The decline in economic growth in Russia during the current crisis has been extraordinary, and represents probably the greatest “reversal of fortune” of any of the world’s major economies.  GDP is likely to decline 6.0 per cent in 2009; in 2007 growth was 8.1 per cent.

For the advanced economies, the crisis has moderated inflation that had begun to increase above target levels in early 2008; although they may experience a short period of deflation during 2009, this is unlikely to be persistent. For emerging Europe, however, the crisis by leading to significant currency depreciations, has in some cases increased inflation. Thus for example, average consumer prices were 14 per cent higher in the CIS in January 2009 than a year earlier, and inflation may be over 5 per cent in most of south-east Europe in 2009.   

Some sectoral impacts

The decline in manufacturing activity has been particularly large in the advanced economies. In the eurozone new orders in January 2009 were 34 per cent lower than a year earlier; this represented the largest monthly y-o-y decline since Eurostat began compiling this data in 1996. Especially hard hit were European exporters of manufactured capital goods such as Germany which is the world’s largest exporter of manufactured goods. By February 2009 US manufacturing output was down 14.0 per cent and  manufactures employment had declined by 1.5 million (or 11 per cent) since the recession began. In Ukraine, the declines in steel and metal production have been especially large, declining 43.3 per cent in the first quarter of 2009 y-o-y.   

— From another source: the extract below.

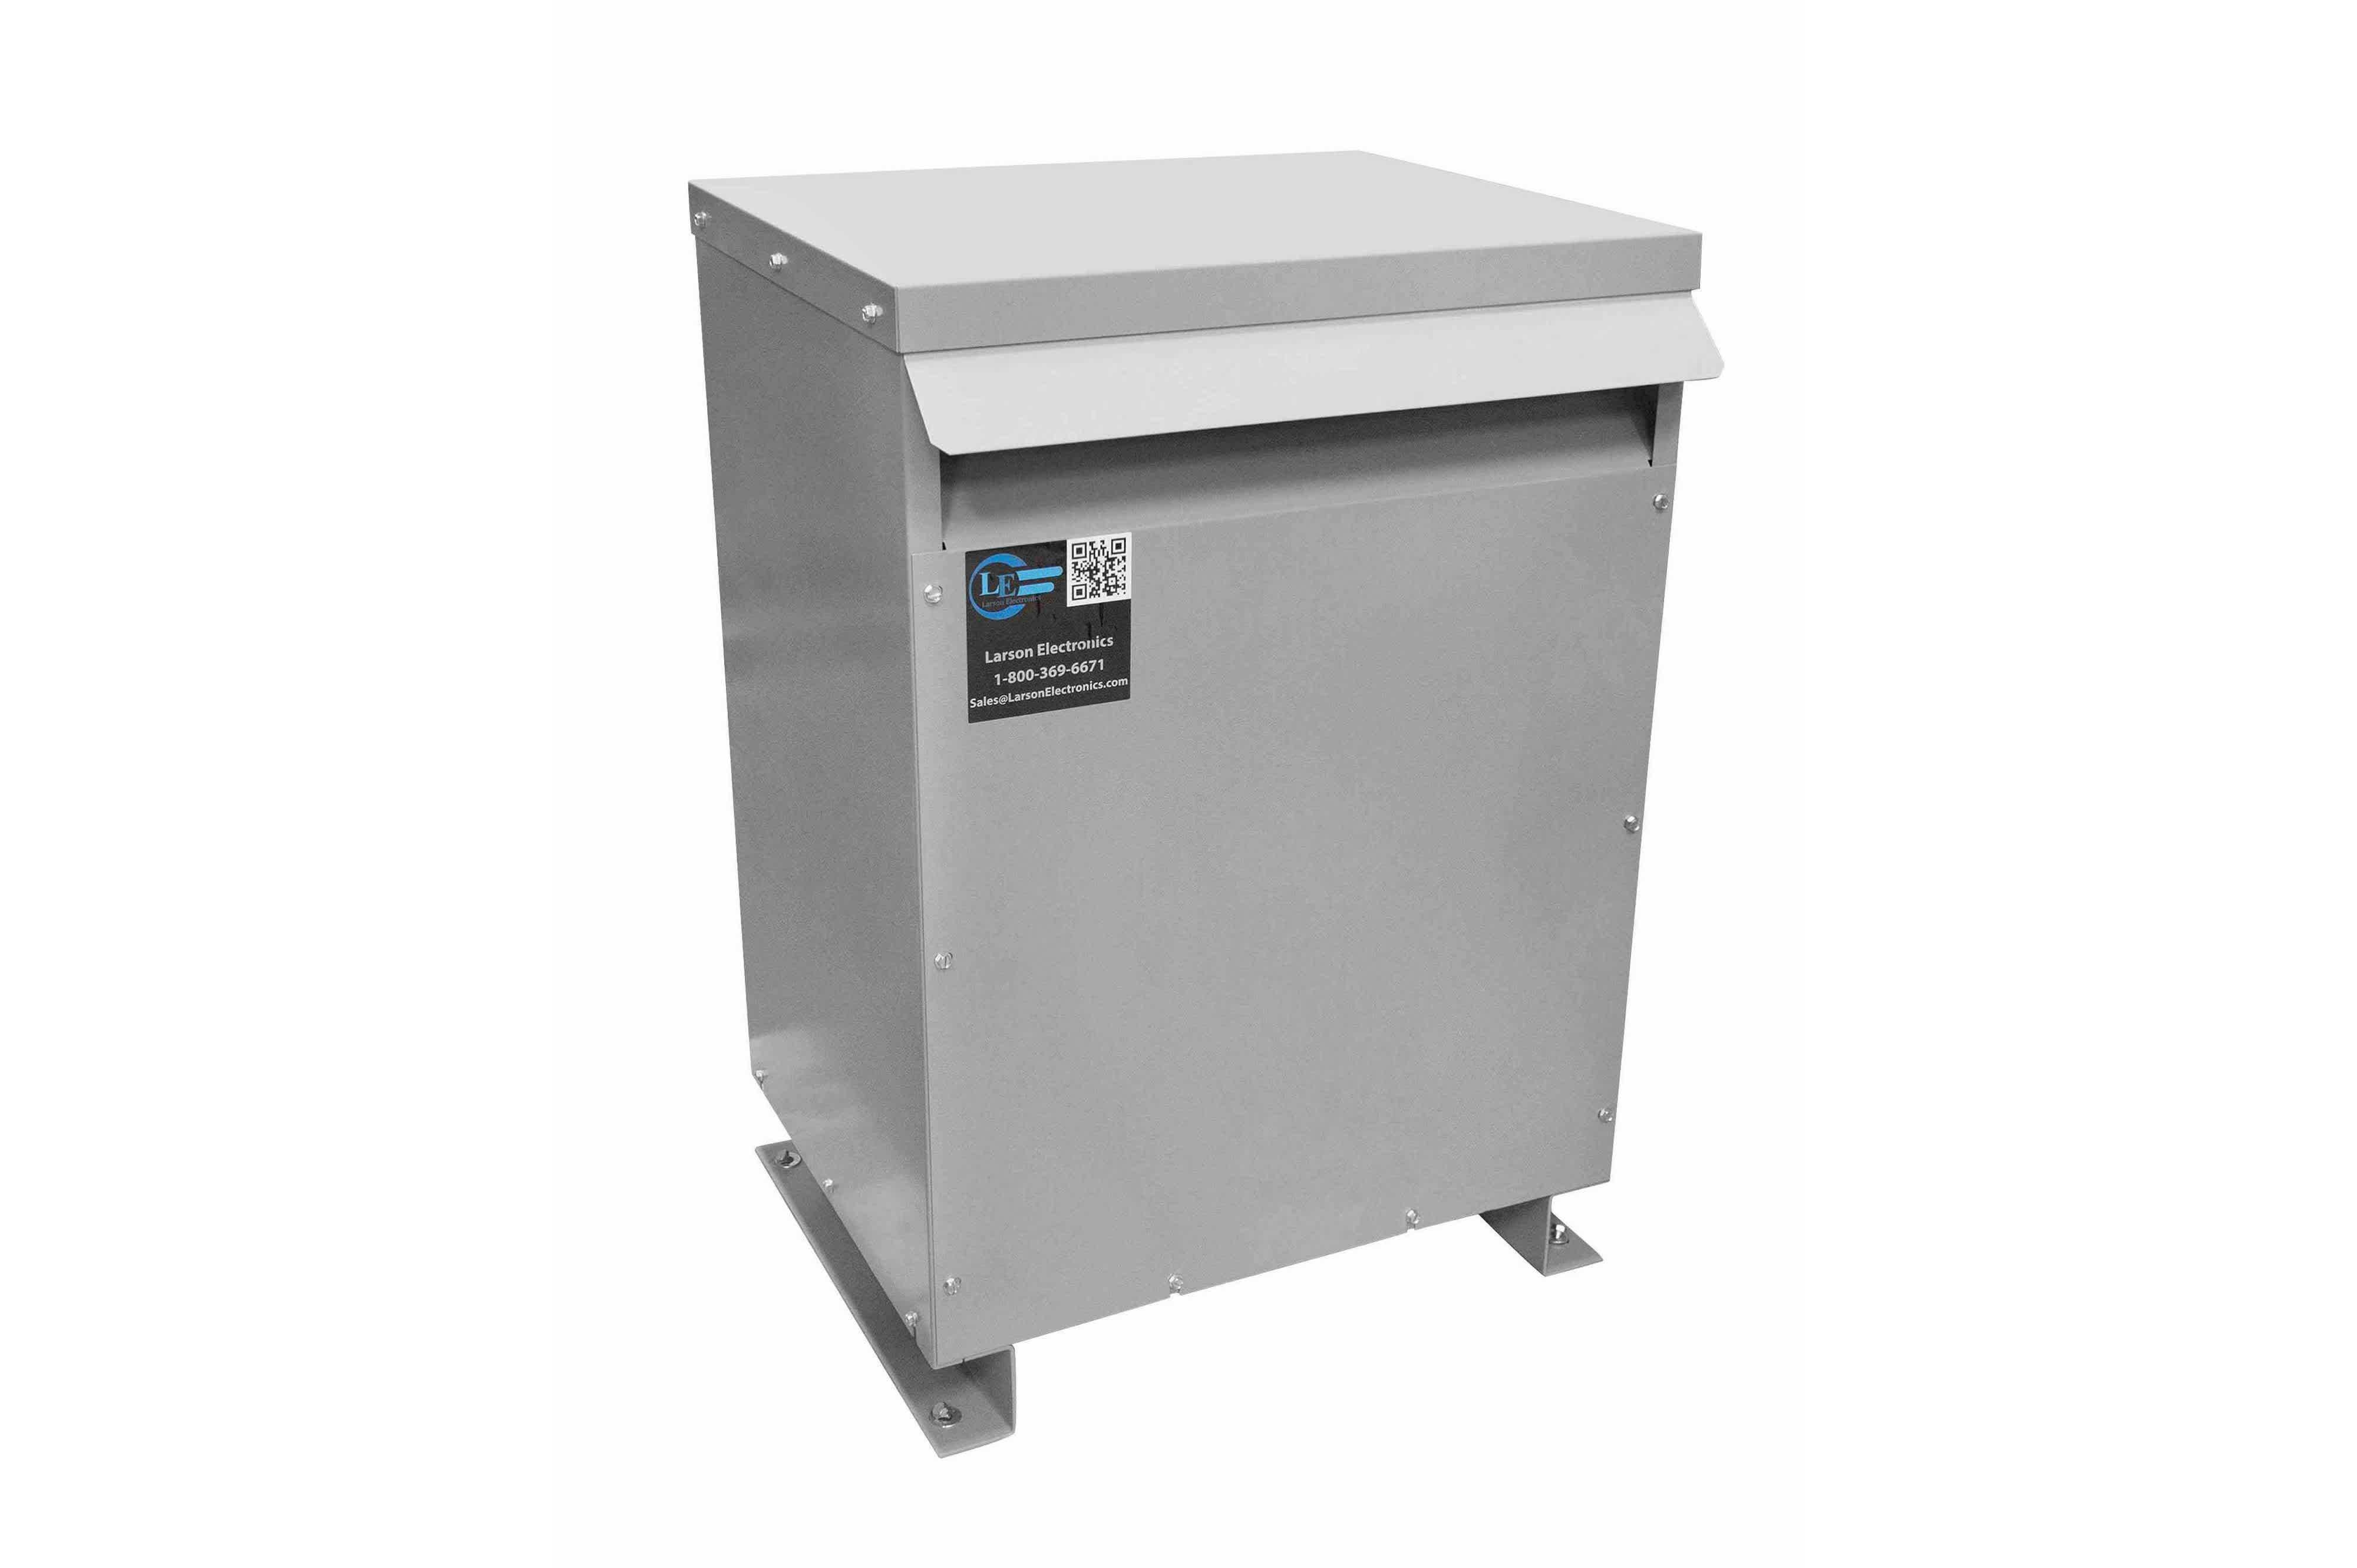 9 kVA 3PH Isolation Transformer, 575V Wye Primary, 480V Delta Secondary, N3R, Ventilated, 60 Hz

In March 2009 car sales were down 23.5 per cent the US and 47 per cent in Russia than a year earlier. In the final quarter of 2008 European new car sales were down 19.3 per cent (y-o-y).  In the EU, automobile production, which accounts for 6.5 per cent of the manufacturing sector, has declined significantly and some of the governments have provided various types of support. In the EU, Germany is by far the largest producer of automobiles; in February production was down 65 per cent from a year earlier. Car production per capita is even larger in several of the NMS, including Slovakia, Slovenia, and the Czech Republic, and accounts for a sizeable percentage of their industrial production. By January 2009 automobile production had declined by 60 per cent (y-o-y) in Turkey.

As is usual in an economic downturn, world commodity prices have declined considerably, and that has meant that those commodity exporters, which are primarily in the CIS, have suffered a large decline in export earnings. The decline in energy prices has been especially large, and that has had large repercussions for Russia and the energy abundant CIS in central Asia. 

Trade for the ECE economies has declined significantly over the last year, generally declining by a quarter to a half. This has been due to both the decline in national incomes and consumption and the collapse of trade financing as credit markets seized up. In February 2009 US merchandise exports were 22.6 per cent lower than a year before and US imports were 30.4 per cent lower. For the same period, Russian merchandise exports declined by 47.5 per cent and imports declined by 36.5 per cent. In January 2009 EU exports were down 24.8 per cent and imports were down 22.1 per cent from a year earlier.

The condition of the financial sectors 

The equity markets in the ECE’s advanced economies have lost more than one-half of their value since their peaks in 2007 while those in many of the emerging economies have lost three-quarters of their value.  A large percentage of the equity capital of the banking sector in the US, Western Europe and the European emerging markets has been wiped out by the crisis. Currently interbank markets in the US and Europe remain dysfunctional and any newly created debt requires a government guarantee to be marketable. Domestic credit expansion in Europe and the US has essentially collapsed.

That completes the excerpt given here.